▶ INPUT DATA
------------------------------------------------------------------------

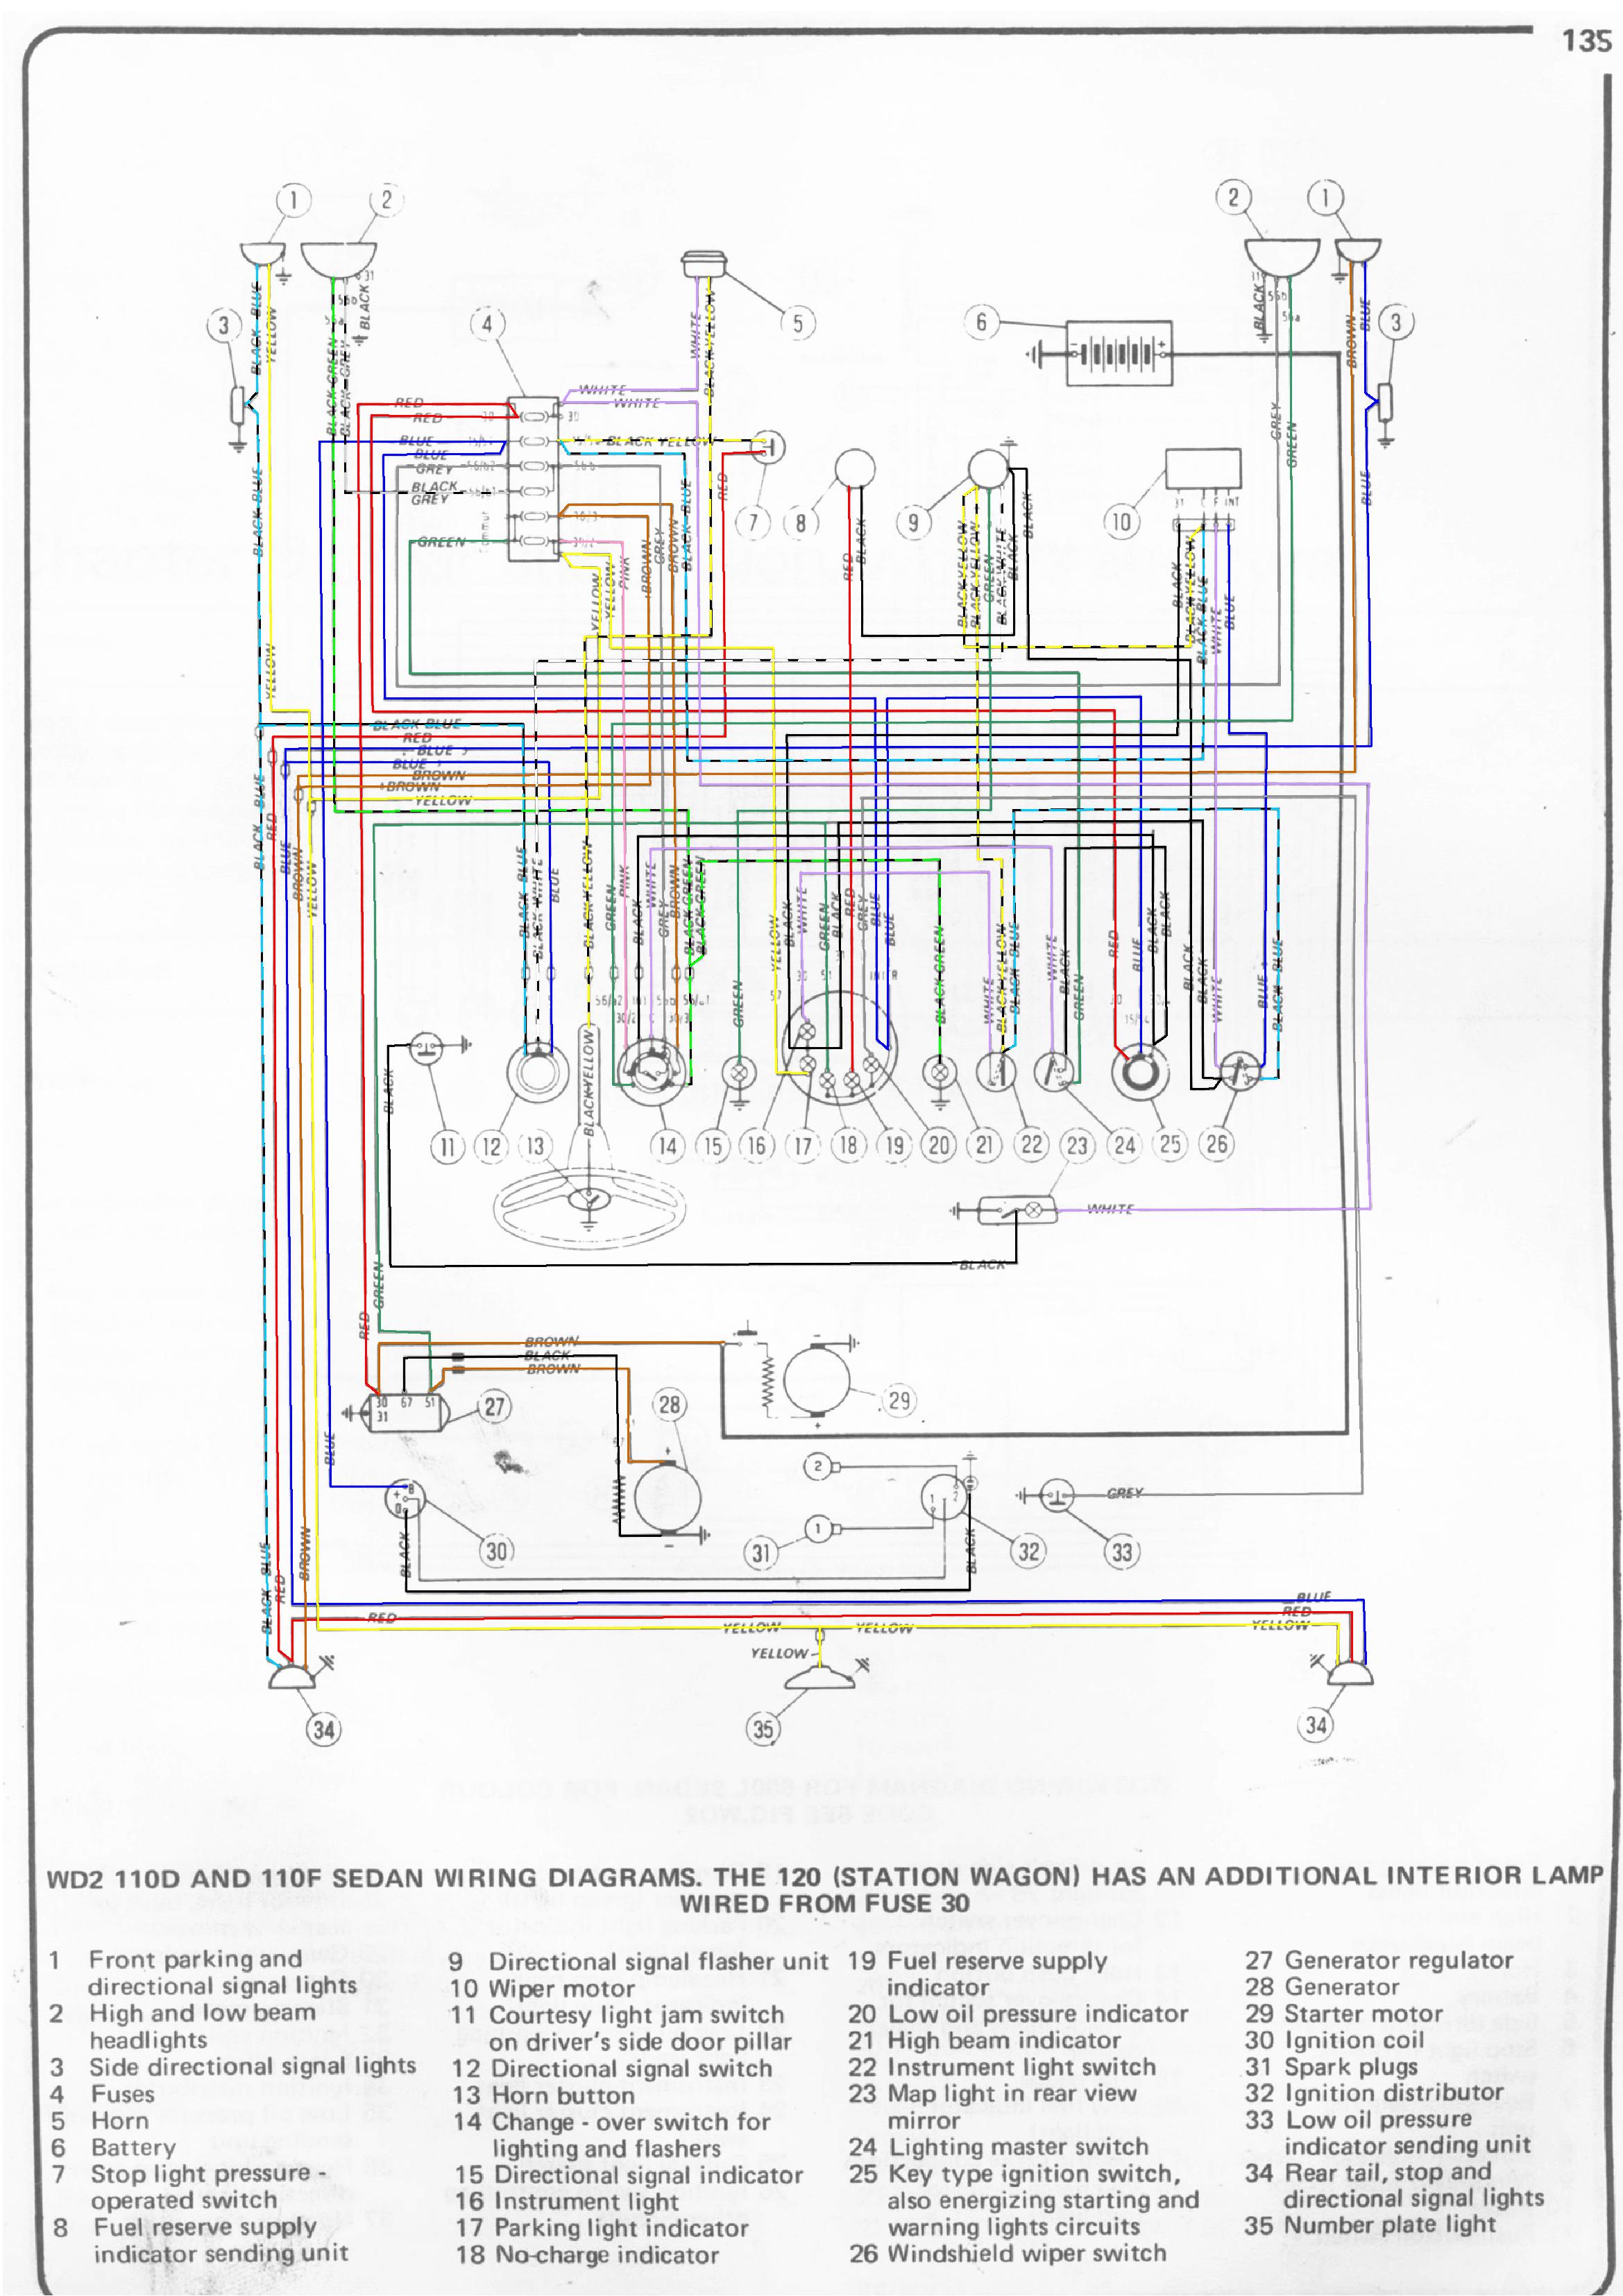 small resolution of fiat 640 wiring diagram wiring diagramfiat 600 tractor wiring diagram wiring diagram blogfiat 600 wiring diagram
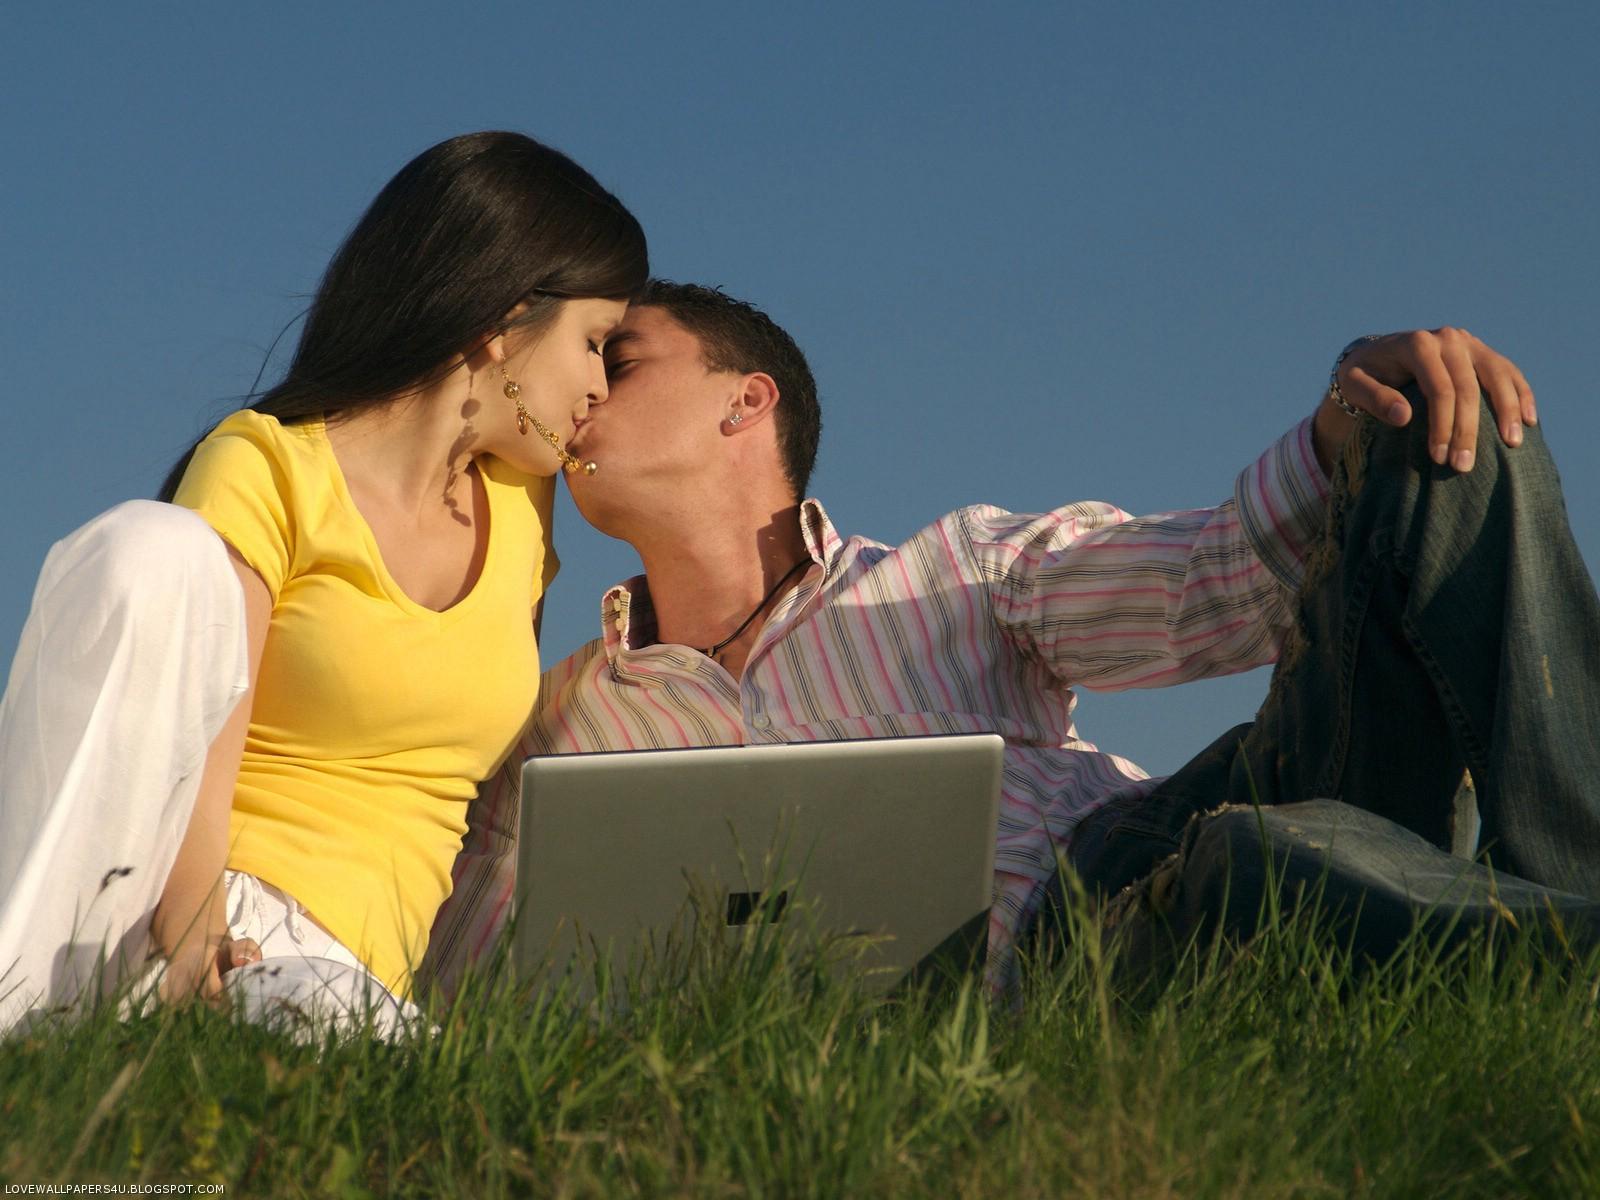 http://3.bp.blogspot.com/-QyN-3IhRfXs/T0sv4Nsk8rI/AAAAAAAADyM/alH1fFLpujs/s1600/kiss-of-love.jpg
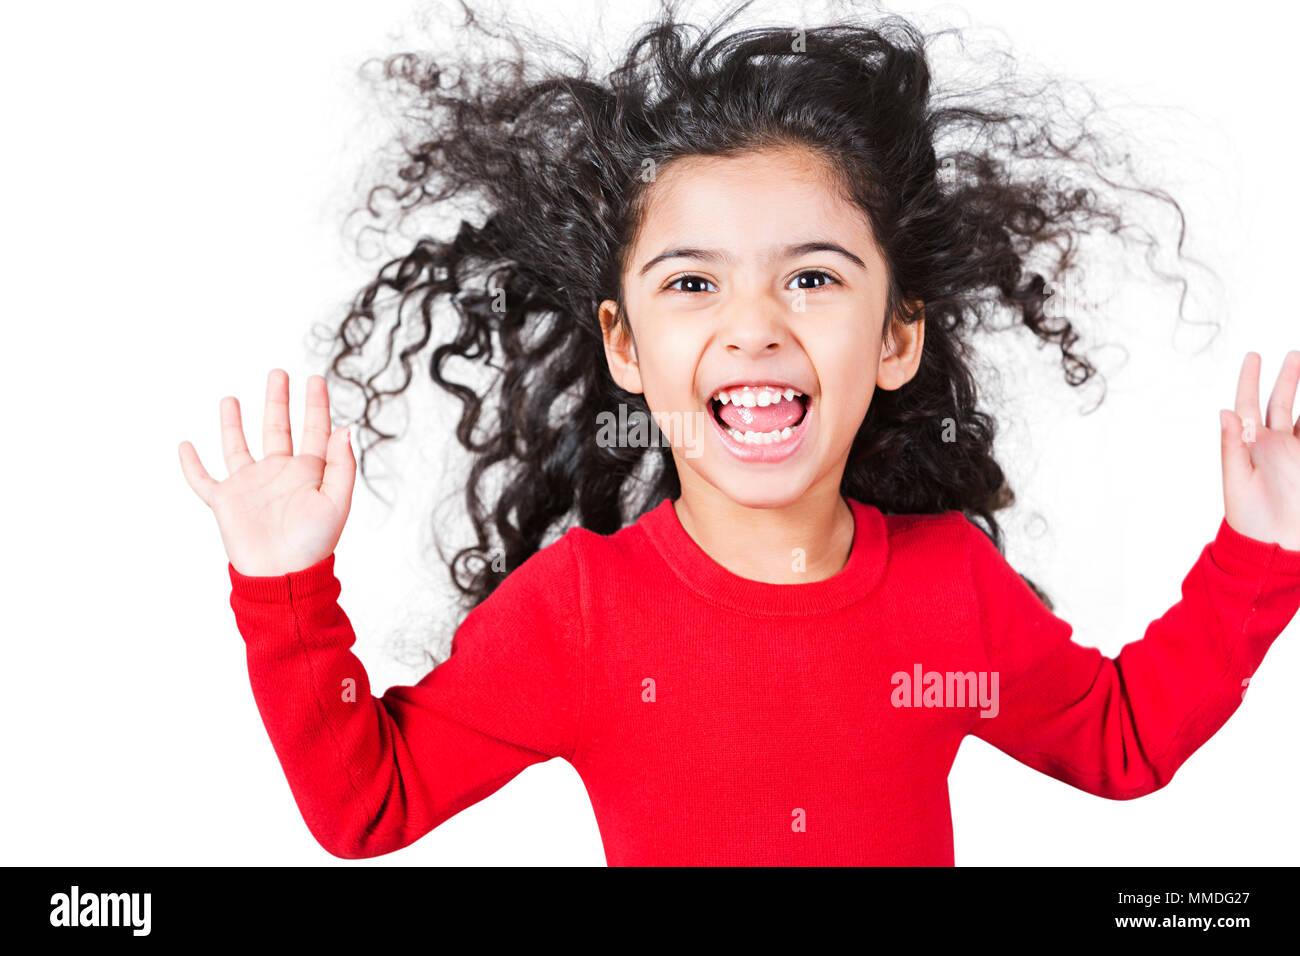 Happy Kid Girl Having Fun Cheerful Playful Shouting White Background - Stock Image

------------------------------------------------------------------------

▶ WORK INSTRUCTION
The listing is to be repeated exactly, with its pictures removed.

▶ RESPONSE AREA
 small resolution of fiat 640 wiring diagram wiring diagramfiat 600 tractor wiring diagram wiring diagram blogfiat 600 wiring diagram
 http://3.bp.blogspot.com/-QyN-3IhRfXs/T0sv4Nsk8rI/AAAAAAAADyM/alH1fFLpujs/s1600/kiss-of-love.jpg
 Happy Kid Girl Having Fun Cheerful Playful Shouting White Background - Stock Image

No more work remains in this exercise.